Following the closing of the PIPE Financing, and after giving effect to redemptions of shares by shareholders of Centricus and payment of transaction expenses, the transactions described above generated approximately $96 million for the Company.
Beginning on September 7, 2021, the Company’s ordinary shares and warrants began trading on Nasdaq under the symbols “ARQQ” and “ARQQW”, respectively.
Certain amounts that appear in this Report may not sum due to rounding.
2
ITEM 1. | IDENTITY OF DIRECTORS, SENIOR MANAGEMENT AND ADVISERS |
A. | Directors and Senior Management |
The directors and members of the Executive Management upon the consummation of the Business Combination are set forth in the Proxy Statement/Prospectus, in the section entitled “Management of Pubco Following the Proposed Transactions,” which is incorporated herein by reference.
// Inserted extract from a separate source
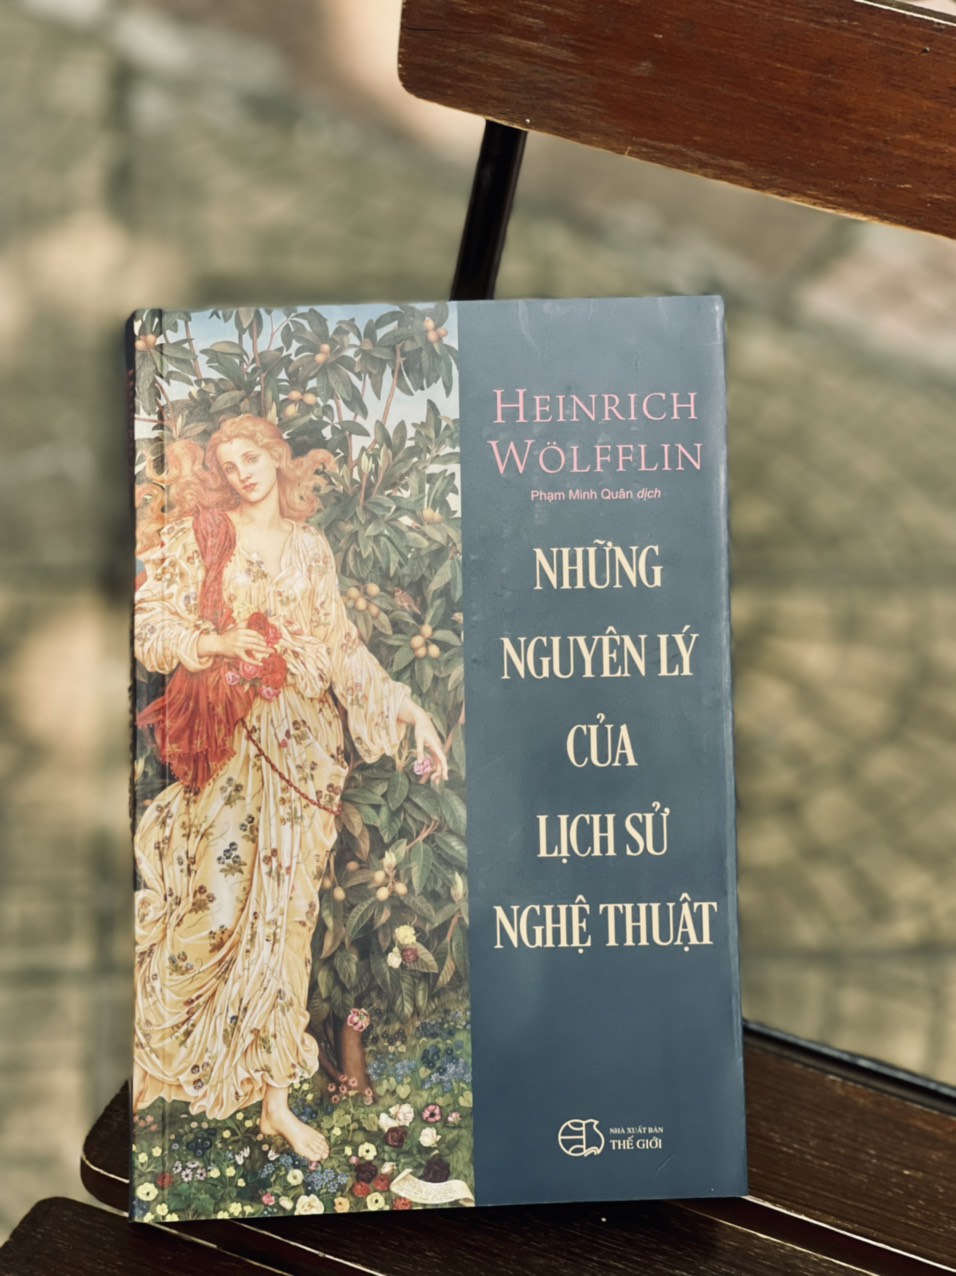 [Tủ sách Văn hóa học] NHỮNG NGUYÊN LÝ CỦA LỊCH SỬ NGHỆ THUẬT - Heinrich Wölfflin – Song Thủy Bookstore

The business address for each of Company’s directors and executive officers is 1st Floor, 3 More London Riverside, London SE1 2RE, United Kingdom.
B. | Advisors |
White & Case LLP, 5 Old Broad Street, London EC2N 1DW, and Maples and Calder (Cayman) LLP, PO Box 309, Ugland House, Grand Cayman, Cayman Islands, KY1-1104, serve as the Company’s external legal counsel.
C. | Auditors |
PKF Littlejohn LLP acted as Arqit’s independent auditor for the periods ended September 30, 2019 and September 30, 2020, and is expected to continue to act as the Company’s independent auditor for the financial year ending September 30, 2021.
The offices of PKF Littlejohn LLP are located at 15 Westferry Circus, London E14 4HD, United Kingdom.
ITEM 2. | OFFER STATISTICS AND EXPECTED TIMETABLE |
Not applicable.
ITEM 3. | KEY INFORMATION |
A. | Reserved. |
B. | Capitalization and Indebtedness |
The following table sets forth the capitalization of the Company on an unaudited pro forma combined basis as of March 31, 2021, after giving effect to the Business Combination and the PIPE Financing:
As of March 31, 2021 (pro forma for Business Combination) | USD | |||
Total Liabilities | $ | 22,842,882 | ||
Total Shareholders’ Equity | $ | 81,481,841 | ||
Total Liabilities and Shareholders’ Equity | $ | 104,324,723 |
C. | Reasons for the Offer and Use of Proceeds |
Not applicable.
D. | Risk Factors |
The risk factors related to the business and operations of the Company are described in the Proxy Statement/Prospectus under the section titled “Risk Factors”, which is incorporated herein by reference.
3
ITEM 4. | INFORMATION ON THE COMPANY |
A. | History and Development of the Company |
The legal name of the Company is Arqit Quantum Inc. The Company is an exempted limited liability company incorporated under the laws of the Cayman Islands on April 26, 2021. The Company’s registered office is c/o Maples Corporate Services Limited, PO Box 309, Ugland House, Grand Cayman, Cayman Islands, KY1-1104. The address of the principal executive office of the Company is 1st Floor, 3 More London Riverside, More London Place, London SE1 2RE, UK and the telephone number of the Company is +44 (0) 203 91 70155.
See “Explanatory Note” in this Report for additional information regarding the Company and the Business Combination Agreement. Certain additional information about the Company is included in the Proxy Statement/Prospectus under the sections titled “Information Related to Arqit” and “Information Related to Pubco” and are incorporated herein by reference. The material terms of the Business Combination are described in the Proxy Statement/Prospectus under the section titled “Proposal No. 1—The Business Combination Proposal”, which is incorporated herein by reference.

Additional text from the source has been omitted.